I did as you asked, I changed the firewall rules of OpenVPN to not match the incoming port 25 request, and I made the SVARTO_OPENVPN have a rule that matched this request. Unfortunately now it does not reach the Mailcow VM any longer.
OpenVPN tab (nothing matching the port 25 request):
SVARTO_OPENVPN tab (matching the port 25 request):
Now I only see it go to the SVARTO_VPN interface through Packet Capture, but nothing hits the Mailcow VM any longer...

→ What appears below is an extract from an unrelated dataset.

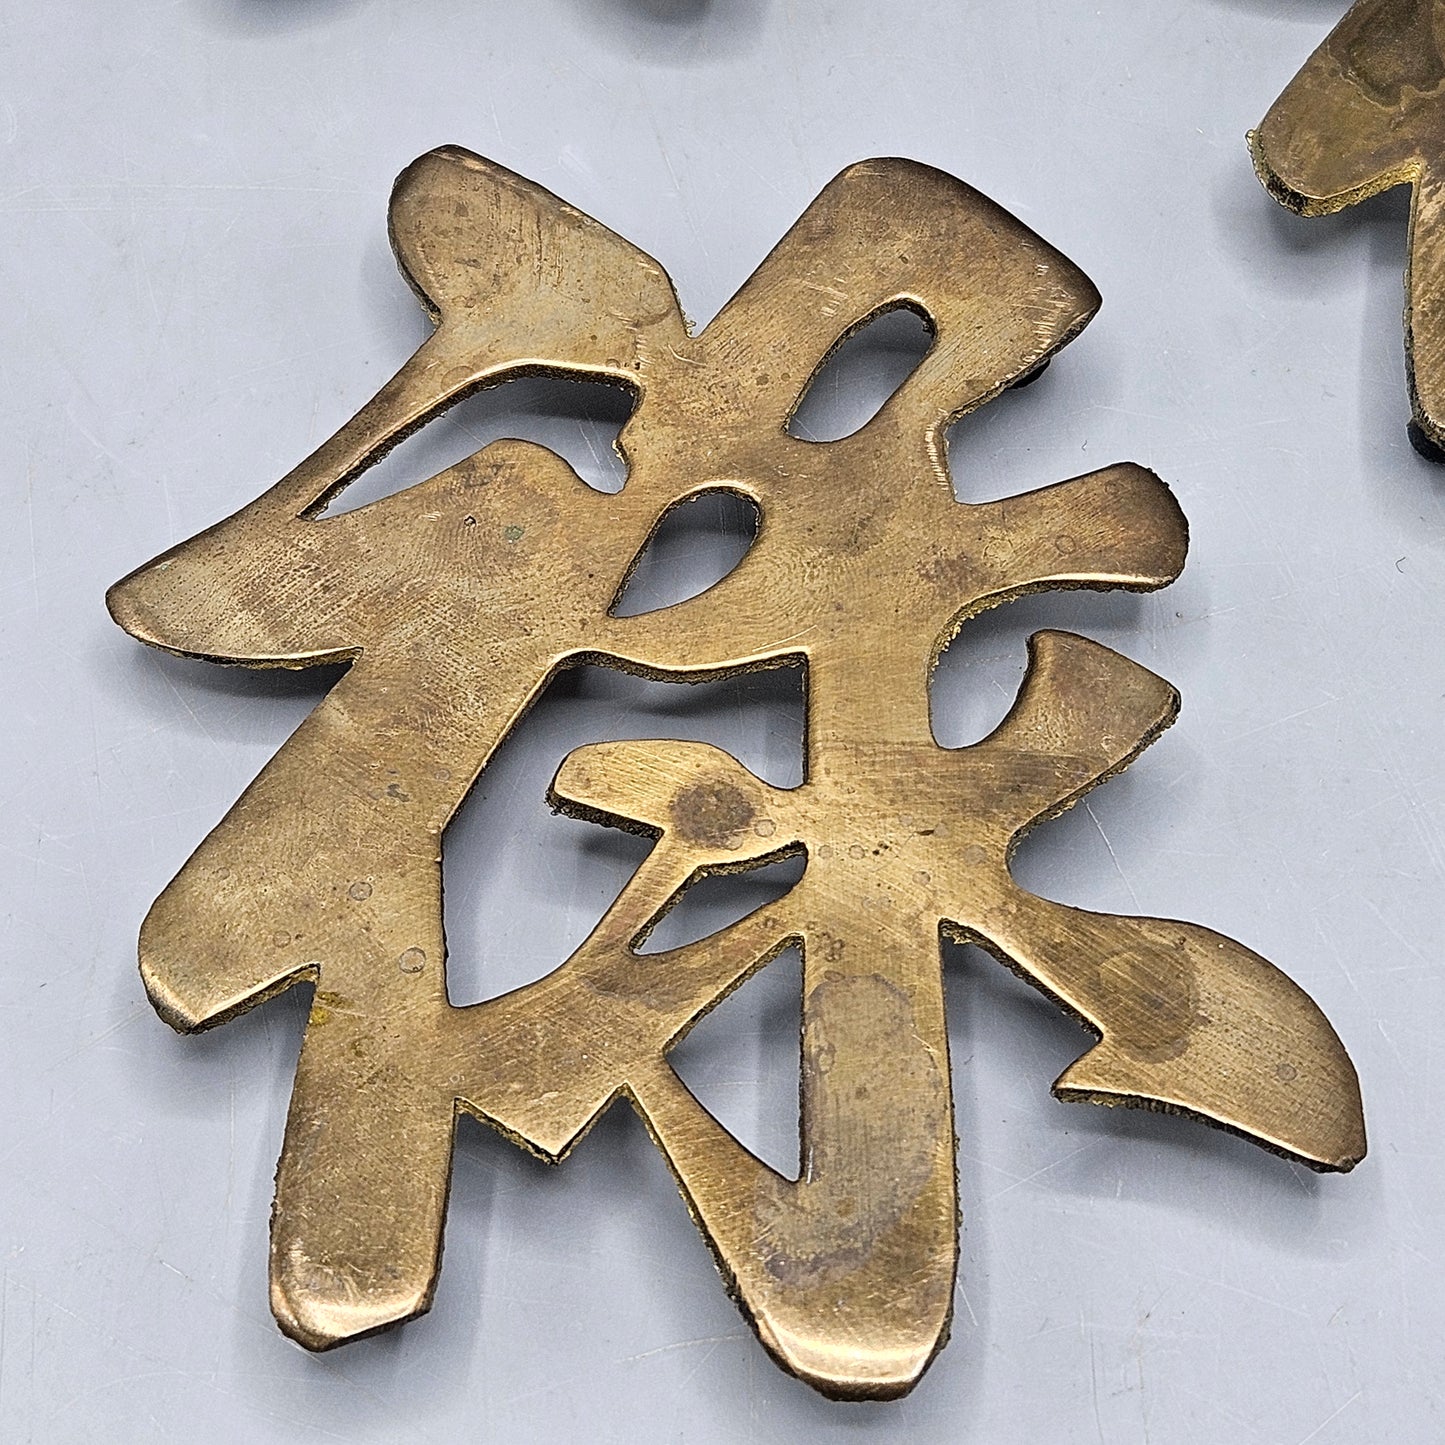 Set of 3 Vintage Brass Trivet Wall Hangings Shaped Like Chinese Symbols for Good Fortune & Prosperity

Digital Ocean VPS OpenVPN server tun0 interface:
18:28:54.349965 IP requesting_ip.57556 > 172.16.30.99.25: Flags [SEW], seq 2501216746, win 8192, options [mss 1460,nop,wscale 8,nop,nop,sackOK], length 0 18:28:57.350166 IP requesting_ip.57556 > 172.16.30.99.25: Flags [SEW], seq 2501216746, win 8192, options [mss 1460,nop,wscale 8,nop,nop,sackOK], length 0 18:29:03.350169 IP requesting_ip.57556 > 172.16.30.99.25: Flags [S], seq 2501216746, win 8192, options [mss 1460,nop,nop,sackOK], length 0
pfSense SVARTO_VPN interface:
20:28:54.368054 IP requesting_ip.57556 > 172.16.30.99.25: tcp 0 20:28:57.368268 IP requesting_ip.57556 > 172.16.30.99.25: tcp 0 20:29:03.368235 IP requesting_ip.57556 > 172.16.30.99.25: tcp 0
And nothing on the Mailcow VM tcpdump for port 25...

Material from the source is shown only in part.